● Information shown:
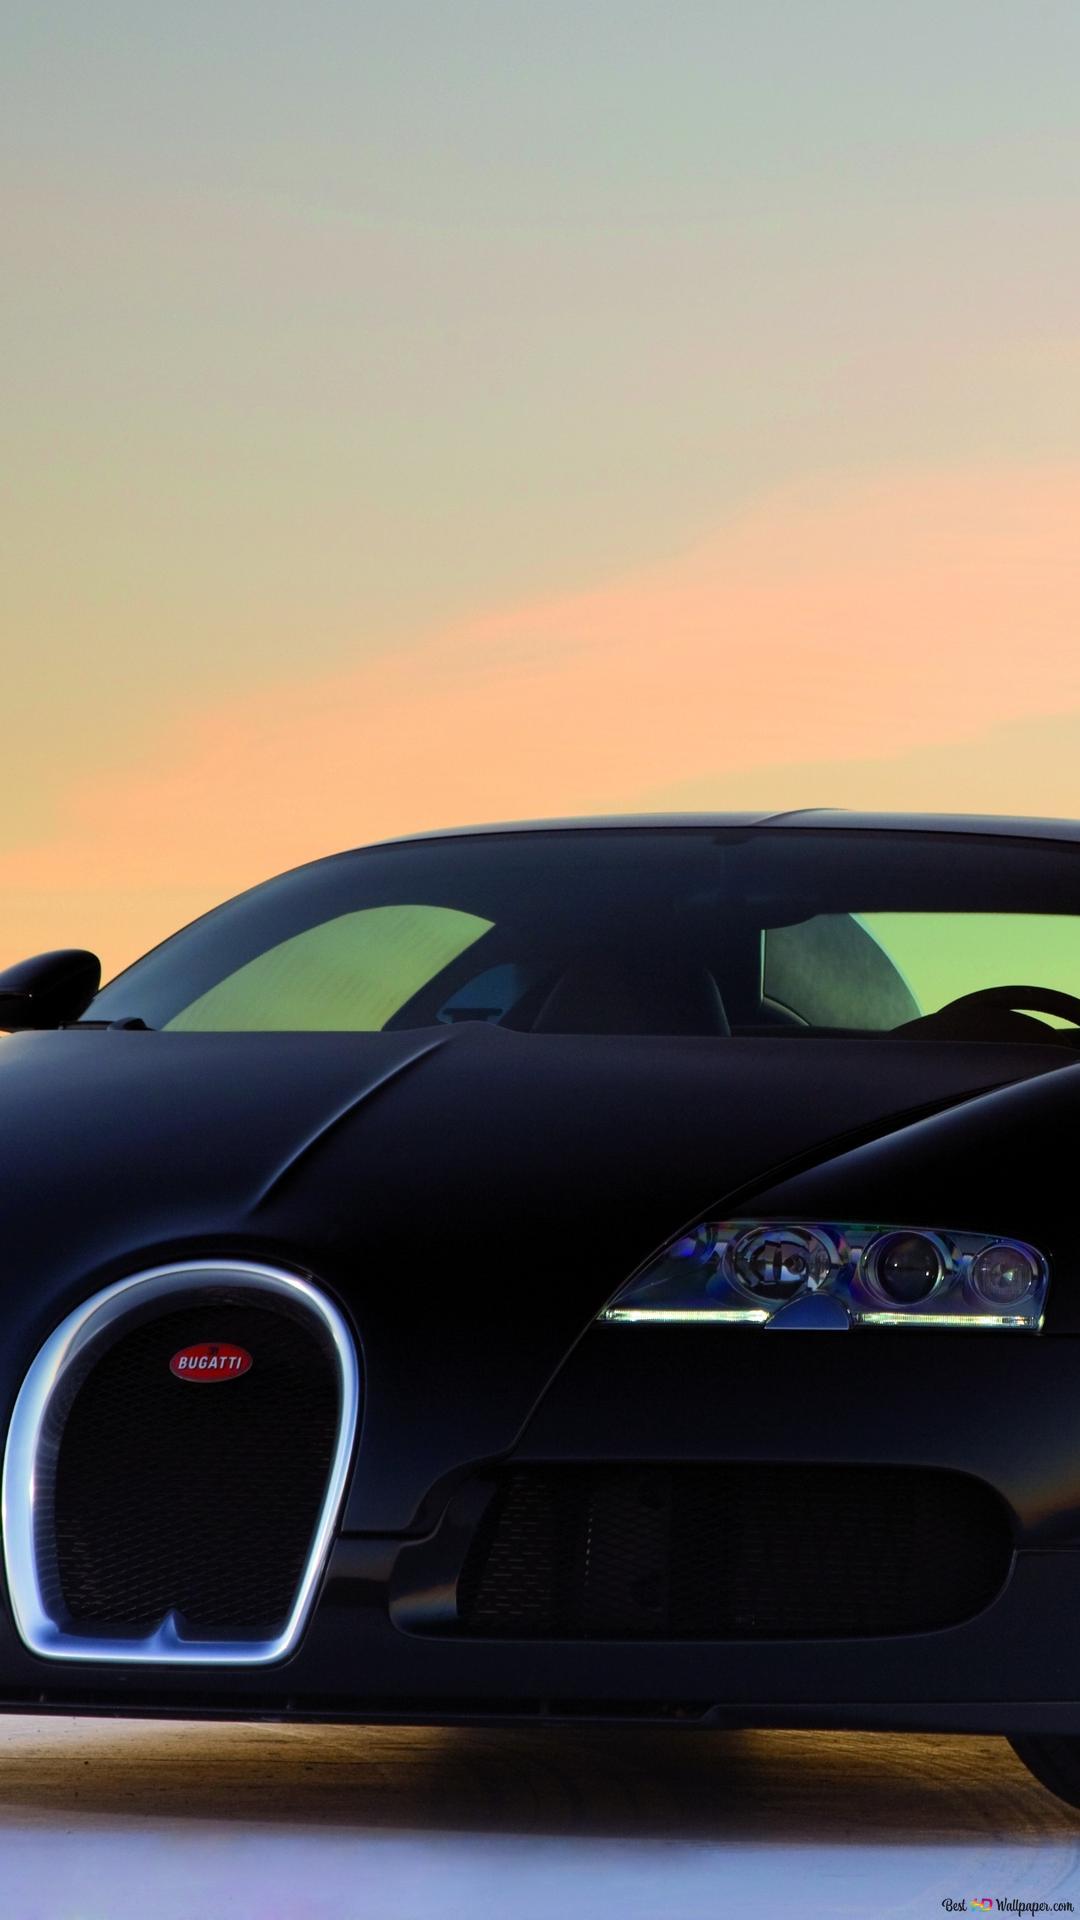 Classic Bugatti Veyron Hd Wallpaper Download
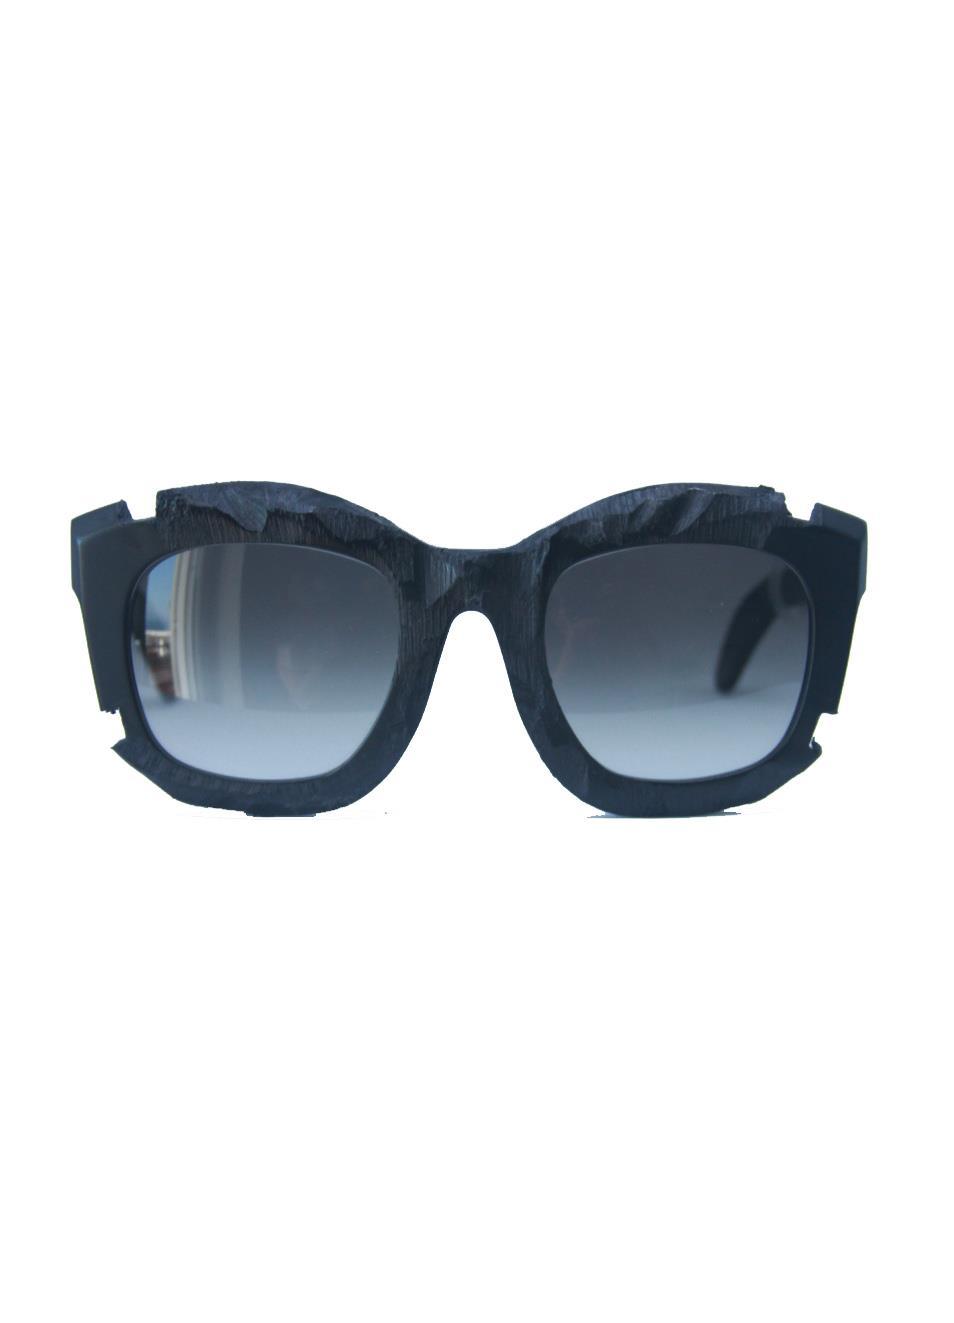 comprare popolare c0e0a 7be0a Kuboraum sunglasses with broken effect frame
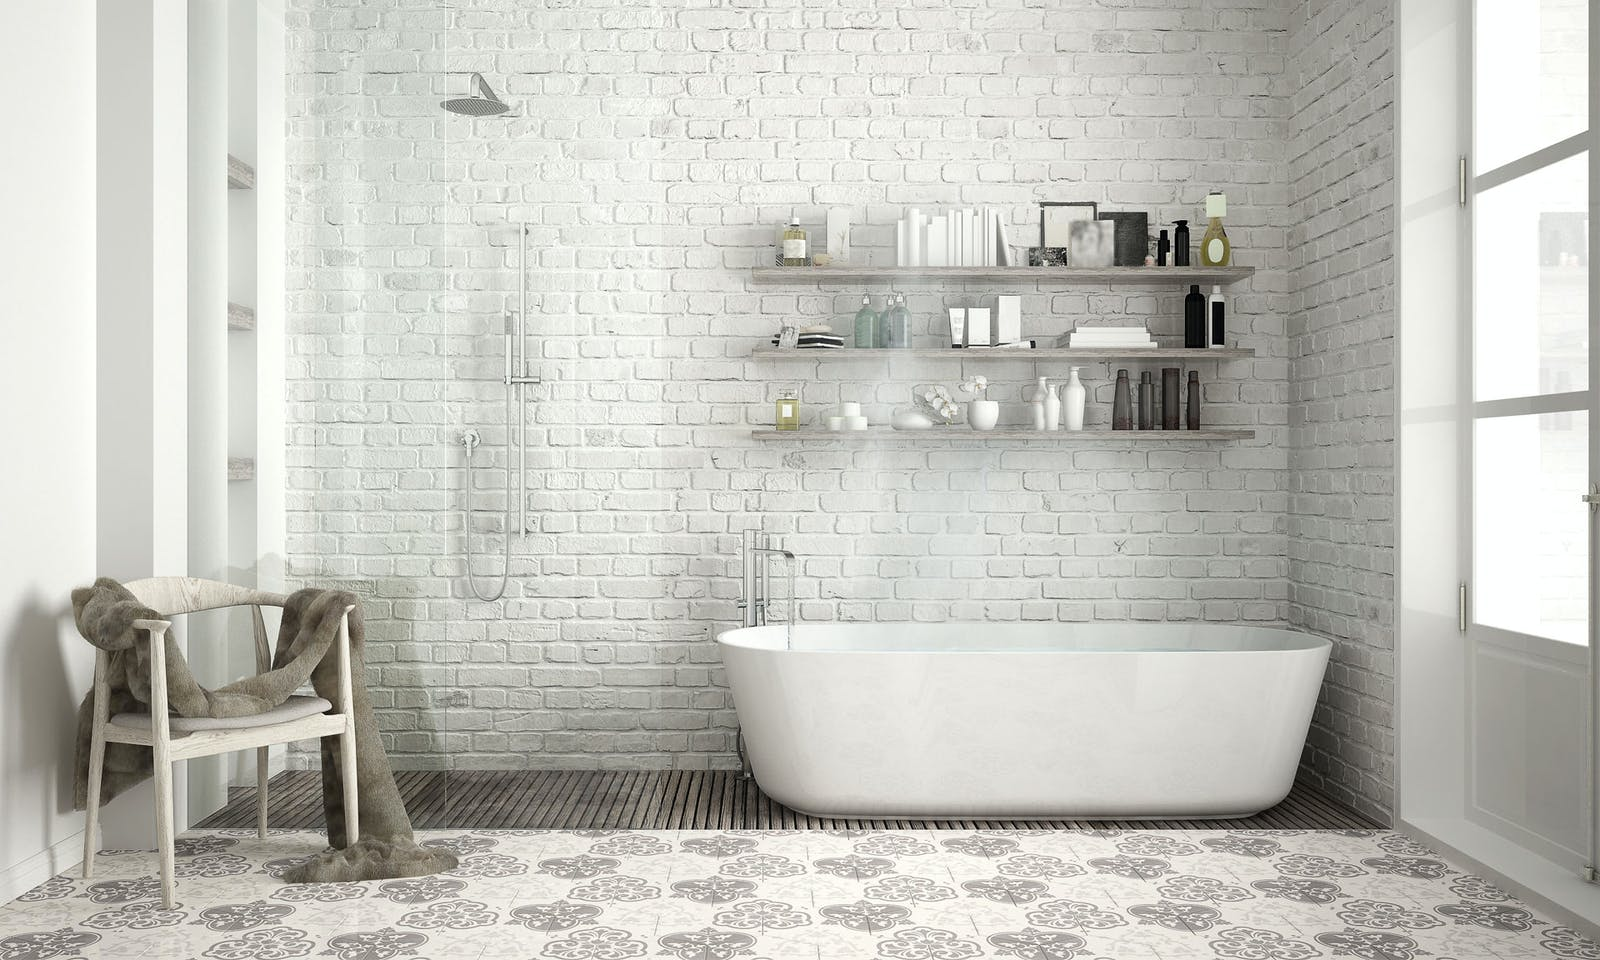 Modern bathroom with a bathtub and white bricks

● Problem to solve:
Without the pictures, write out the whole listing exactly as it appears.

● Task response:
 Classic Bugatti Veyron Hd Wallpaper Download
 comprare popolare c0e0a 7be0a Kuboraum sunglasses with broken effect frame
 Modern bathroom with a bathtub and white bricks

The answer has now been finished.